Backdated changes in SCD Type 2 are dangerous. They can break existing fact-dimension relationships. Consider whether the change should instead be modeled as a correction (Type 1) applied only to the current record.

Same-Day Multiple Changes

If a customer changes city twice in one day, what happens with date-level Type 2 tracking?

10:00 AM: City changes from New York to Boston
 3:00 PM: City changes from Boston to Chicago

With date-level effective dates, you can't represent both changes.

Solutions:

1. Use timestamp-level effective dates instead of date-level
2. Use sequence numbers within a date
3. Accept that only the end-of-day state matters (most common)

Mathematical Foundations

Temporal Data Model

SCD Type 2 is a temporal relational model where each tuple has a validity interval:

$$r=(\text{key},a_1,a_2,\dots ,a_n,[t_s,t_e))$$

Where $[t_s,t_e)$ is a half-open interval of validity.

Temporal consistency constraint:

For any natural key $k$, the set of validity intervals must be:

1. Non-overlapping: $\mathrm{\forall }i\ne j:[t_{s_i},t_{e_i})\cap [t_{s_j},t_{e_j})=\mathrm{\varnothing }$
2. Contiguous: $\mathrm{\forall }i:t_{e_i}=t_{s_{i+1}}$ (no gaps)
3. Covering: $\bigcup _i[t_{s_i},t_{e_i})=[t_{\text{first}},\mathrm{\infty })$

Violation of these constraints indicates data quality issues.

Cardinality Growth Model

If each entity changes with probability $p$ per time period, after $T$ periods:

$$E[\text{versions per entity}]=1+pT$$$$\text{Var}[\text{versions per entity}]=pT(1-p)$$

For 10M entities with $p=0.02$ (2% change rate per month) over 60 months:

$$E[\text{total rows}]=10M\times (1+0.02\times 60)=10M\times 2.2=22M$$

Real-World War Stories

War Story

The Billion-Row Dimension

A telecommunications company tracked customer plan changes using SCD Type 2. With 50M customers and aggressive plan migration campaigns every quarter, the dimension grew to 1.2 billion rows in 3 years.

Problems:

1. Dimension joins became slower than fact table scans
2. ETL processing time for the dimension exceeded the batch window
3. Analysts couldn't comprehend query results with multiple versions

Fix:

1. Separated plan attributes into a mini-dimension (Type 5)
2. Limited Type 2 tracking to key attributes (name, address)
3. Used Type 1 for frequently changing but analytically unimportant attributes
4. Dimension dropped from 1.2B to 80M rows

War Story

The SCD Race Condition

A team ran parallel ETL loads from two source systems into the same SCD Type 2 dimension. Both checked is_current = TRUE, both found the same current record, both tried to close it and insert a new version.

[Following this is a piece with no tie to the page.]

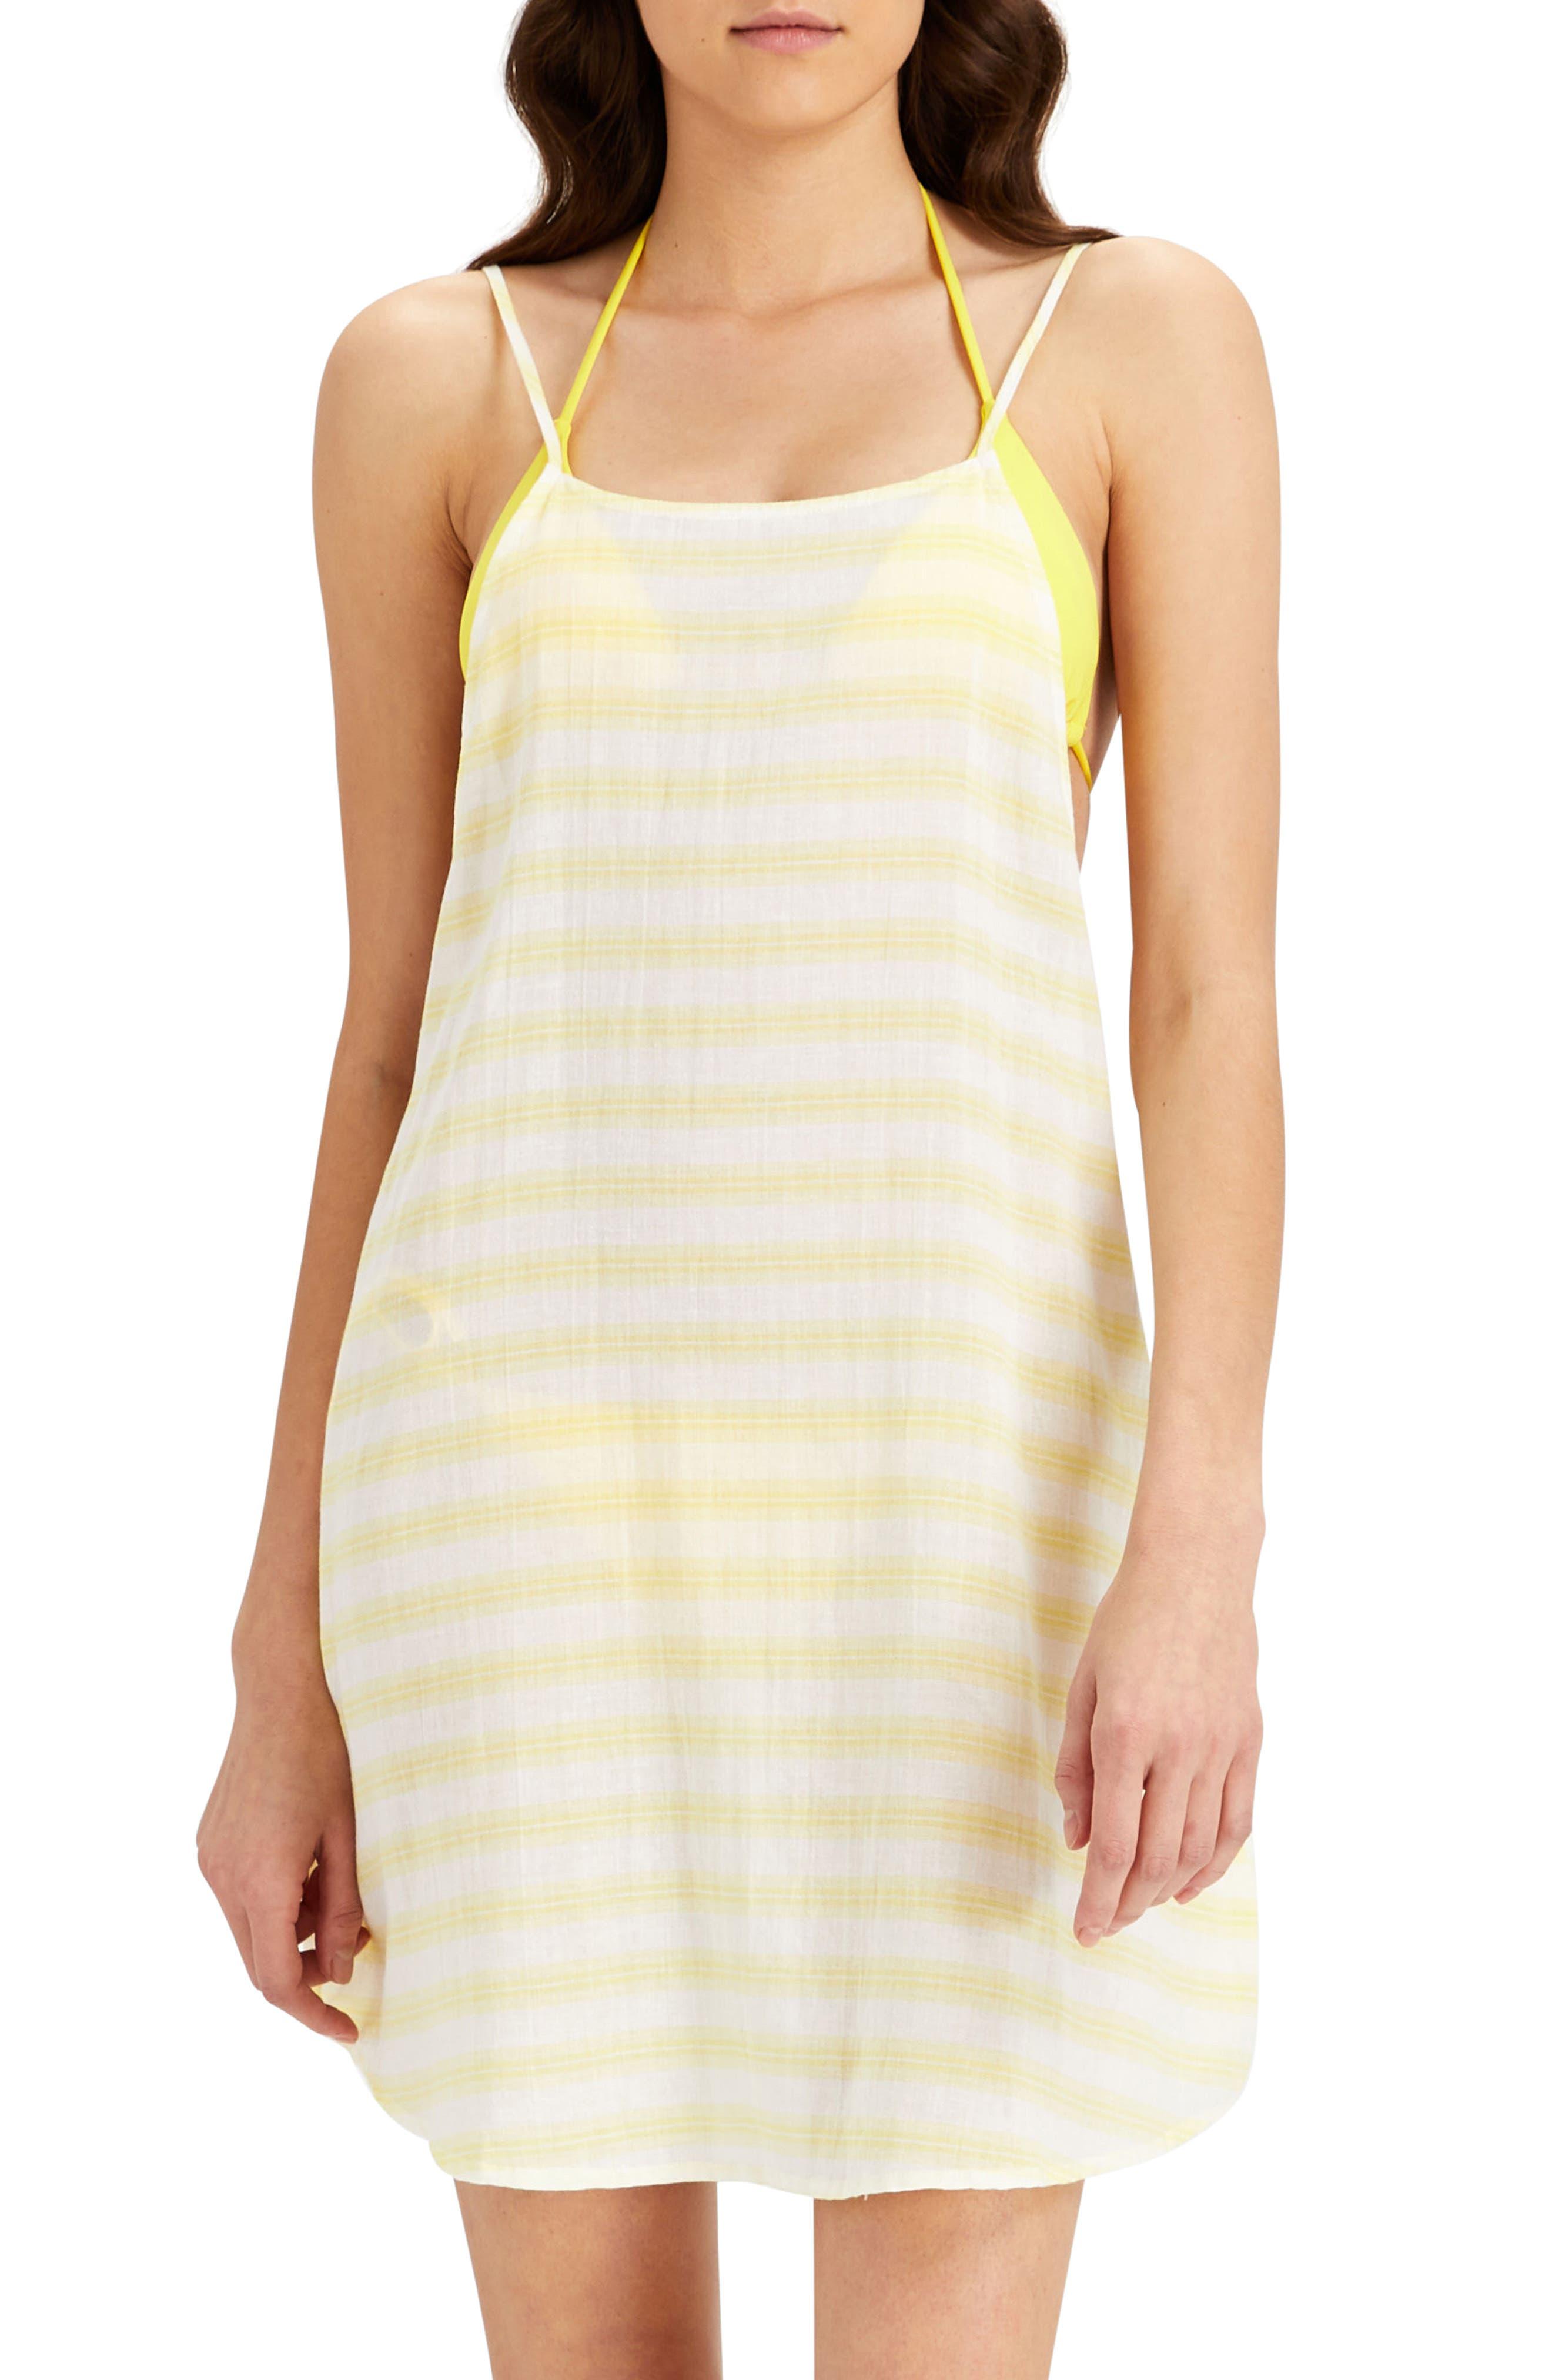 Sasha Cover-Up Shirtdress,                         Main,                         color, Citrus/ White

Result: Two "current" records for the same customer, with overlapping effective date ranges. Downstream fact loads picked one randomly based on query ordering.

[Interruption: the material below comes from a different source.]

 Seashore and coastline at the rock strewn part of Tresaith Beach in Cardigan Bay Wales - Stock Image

Fix: Added a serialization lock on the natural key during SCD processing. Only one process can update a given entity's dimension records at a time.

Decision Framework

SCD Type Selection Guide

Question	If Yes	If No
Does the attribute ever change?	Continue	Type 0
Do you need ANY history?	Continue	Type 1
Do you need FULL history?	Type 2 or 6	Type 3
Do changes happen frequently (> 10%/month)?	Mini-dimension (Type 5)	Type 2
Do you need both current and historical in same query?	Type 6	Type 2
Is the dimension very large (> 10M rows)?	Consider Type 4/5	Type 2 is fine

Advanced Topics

Bi-Temporal SCDs

Track both when the change happened in reality AND when we learned about it:

CREATE TABLE dim_customer_bitemporal (
    customer_key    INT,
    customer_id     VARCHAR(20),
    city            VARCHAR(50),
    -- When was this true in reality?
    valid_from      TIMESTAMP,
    valid_to        TIMESTAMP,
    -- When did we record this in the system?
    system_from     TIMESTAMP,
    system_to       TIMESTAMP
);

This enables queries like: "What did we THINK the customer's city was on March 1, as of the data we had on February 15?"

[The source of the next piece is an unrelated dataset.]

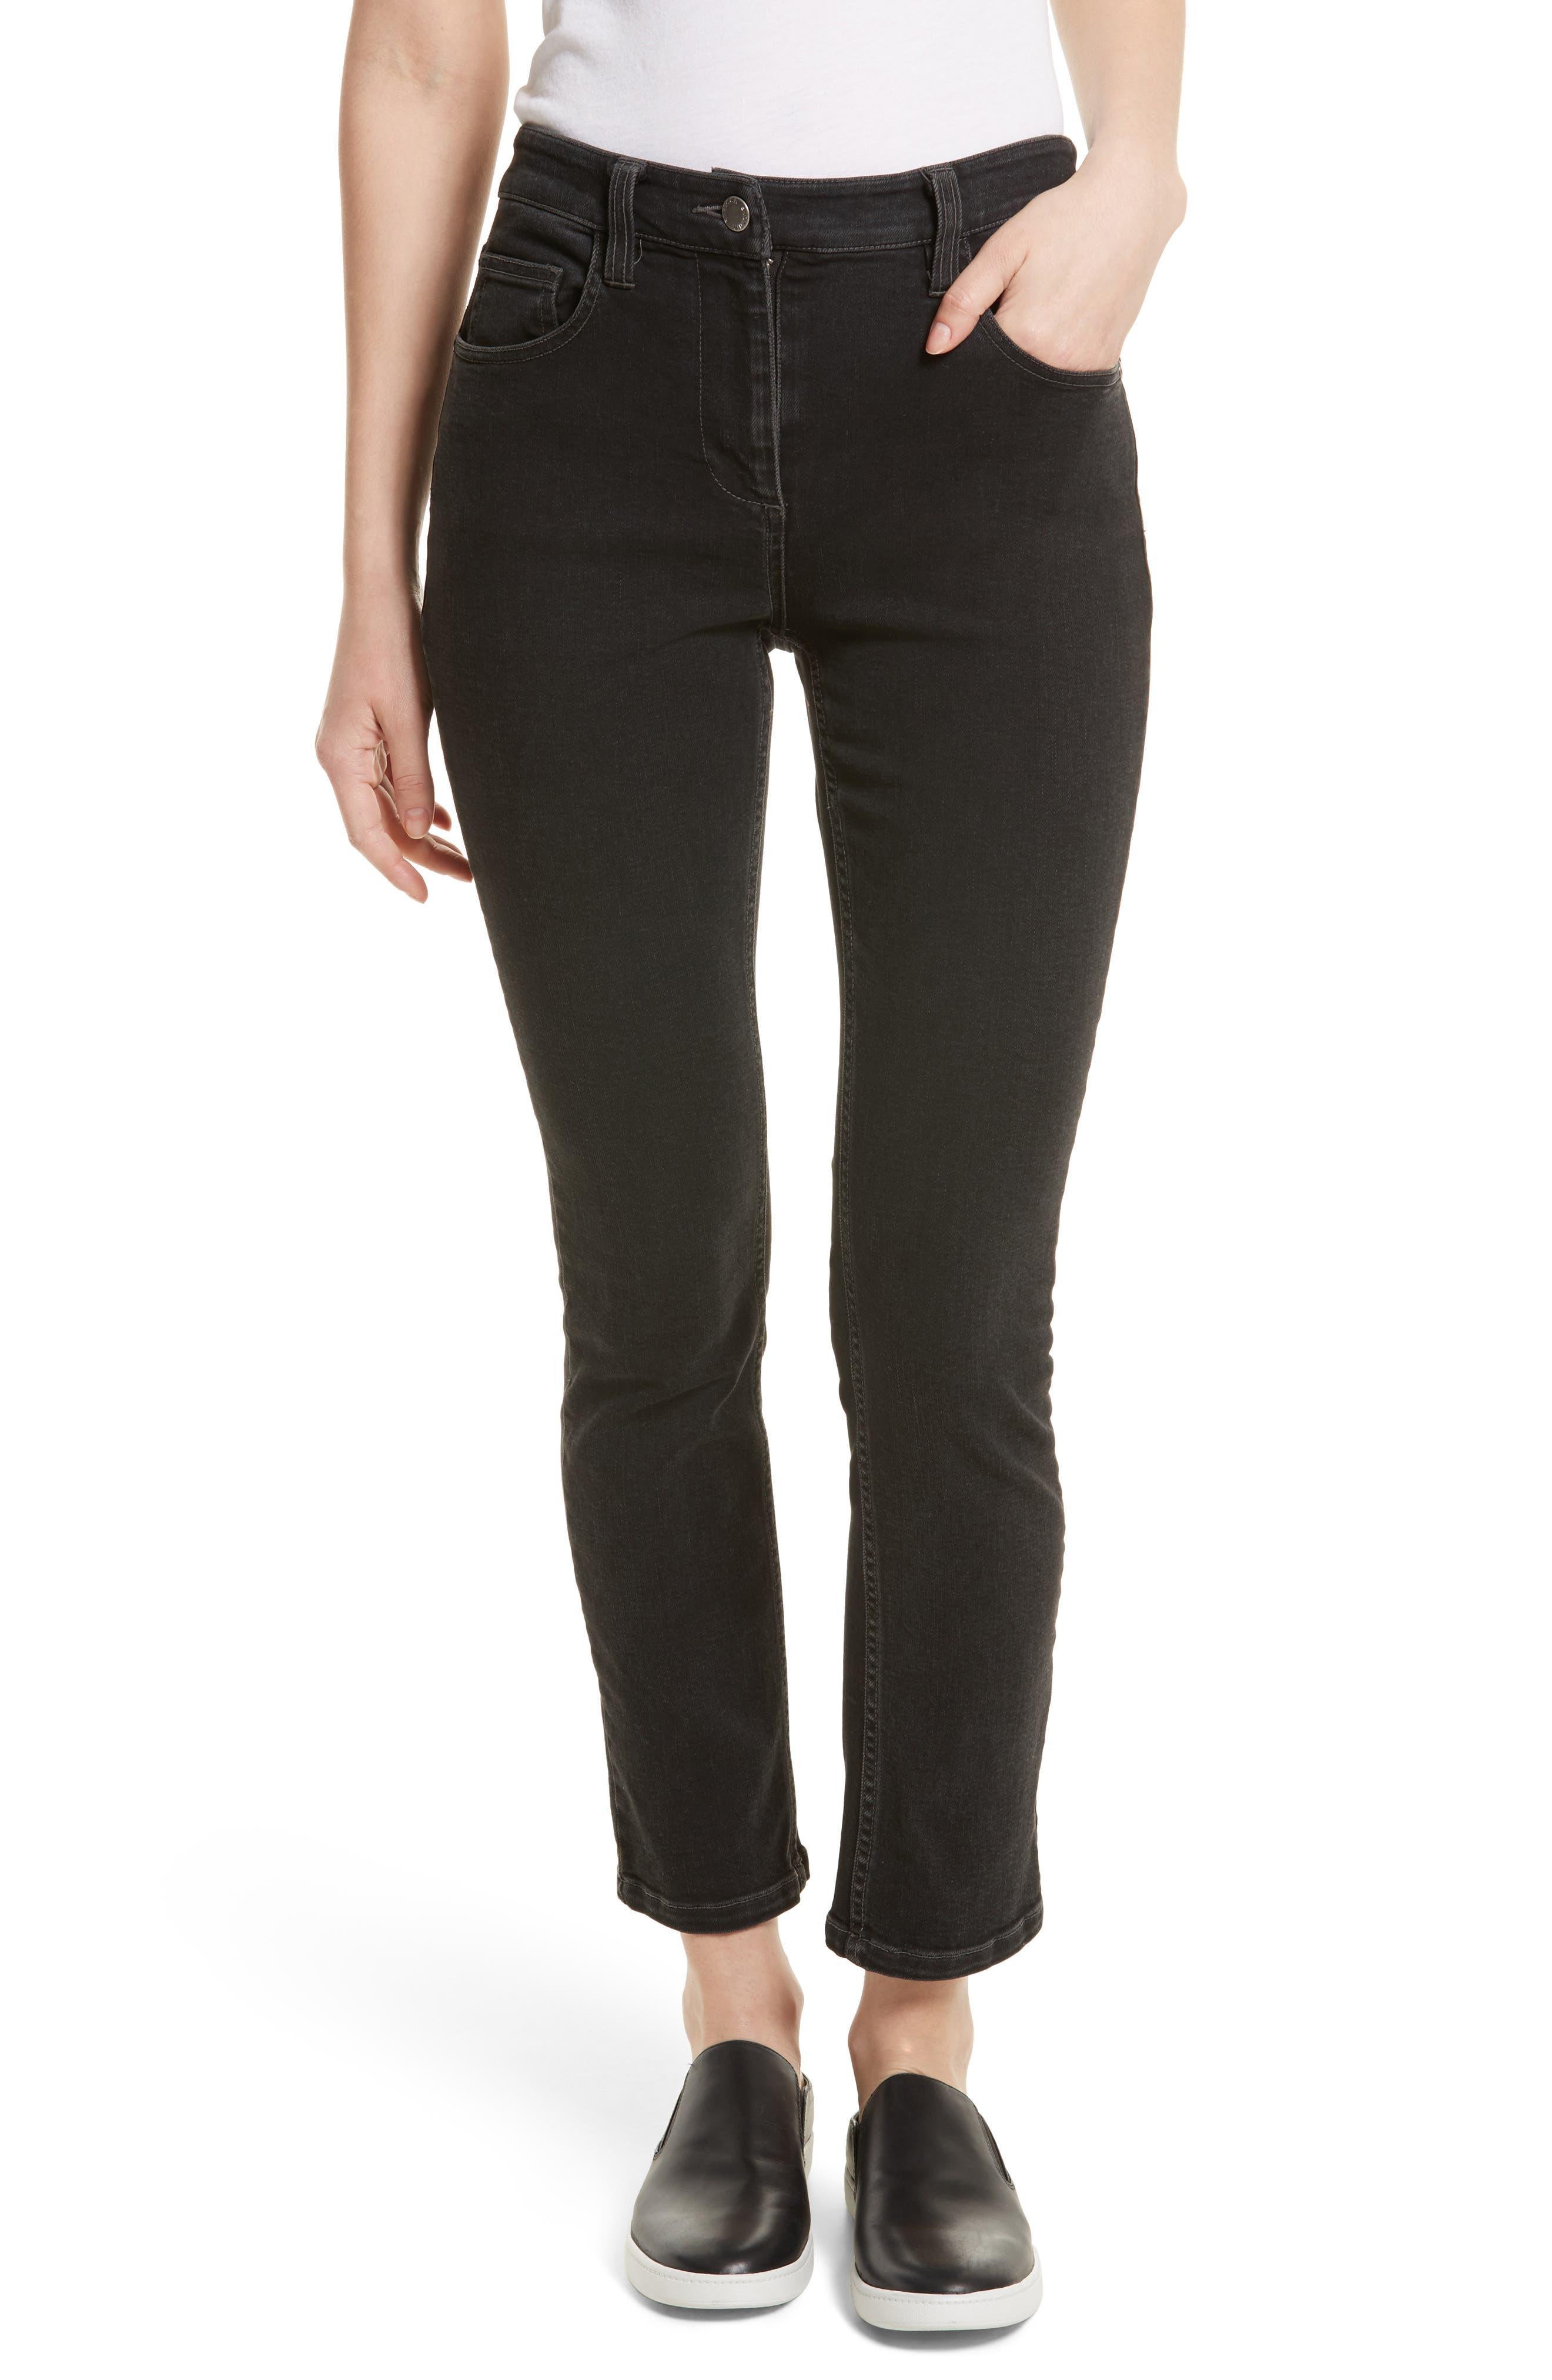 Rebecca Minkoff Marigold Straight Leg Jeans

SCD in Streaming Pipelines

Traditional SCD processing assumes batch loading. For streaming:

class StreamingSCDType2Processor<T extends Record<string, unknown>> {
  private currentVersions: Map<string, { key: number; attributes: T }> = new Map();

  constructor(
    private readonly trackedAttributes: string[],
    private readonly keyGen: SurrogateKeyGenerator,
    private readonly onNewVersion: (record: {
      surrogateKey: number;
      naturalKey: string;
      attributes: T;
      effectiveFrom: Date;
    }) => void,
    private readonly onCloseVersion: (surrogateKey: number, effectiveTo: Date) => void,
  ) {}

  processEvent(naturalKey: string, attributes: T): void {
    const current = this.currentVersions.get(naturalKey);

    if (!current) {
      // New entity
      const newKey = this.keyGen.next();
      this.currentVersions.set(naturalKey, { key: newKey, attributes });
      this.onNewVersion({
        surrogateKey: newKey,
        naturalKey,
        attributes,
        effectiveFrom: new Date(),
      });
      return;
    }

    // Check for changes in tracked attributes
    const hasChange = this.trackedAttributes.some(
      (attr) => current.attributes[attr] !== attributes[attr],
    );

    if (hasChange) {
      // Close current version
      this.onCloseVersion(current.key, new Date());

      // Create new version
      const newKey = this.keyGen.next();
      this.currentVersions.set(naturalKey, { key: newKey, attributes });
      this.onNewVersion({
        surrogateKey: newKey,
        naturalKey,
        attributes,
        effectiveFrom: new Date(),
      });
    }
  }
}

Temporal Joins for Fact-Dimension Alignment

Ensuring fact records join to the correct dimension version:

-- Temporal join: fact gets the dimension version active at fact's event time
SELECT
    f.sale_id,
    f.sale_date,
    f.amount,
    d.customer_name,
    d.city,
    d.segment
FROM fact_sales f
JOIN dim_customer d
    ON f.customer_key = d.customer_key;  -- Direct FK (already points to correct version)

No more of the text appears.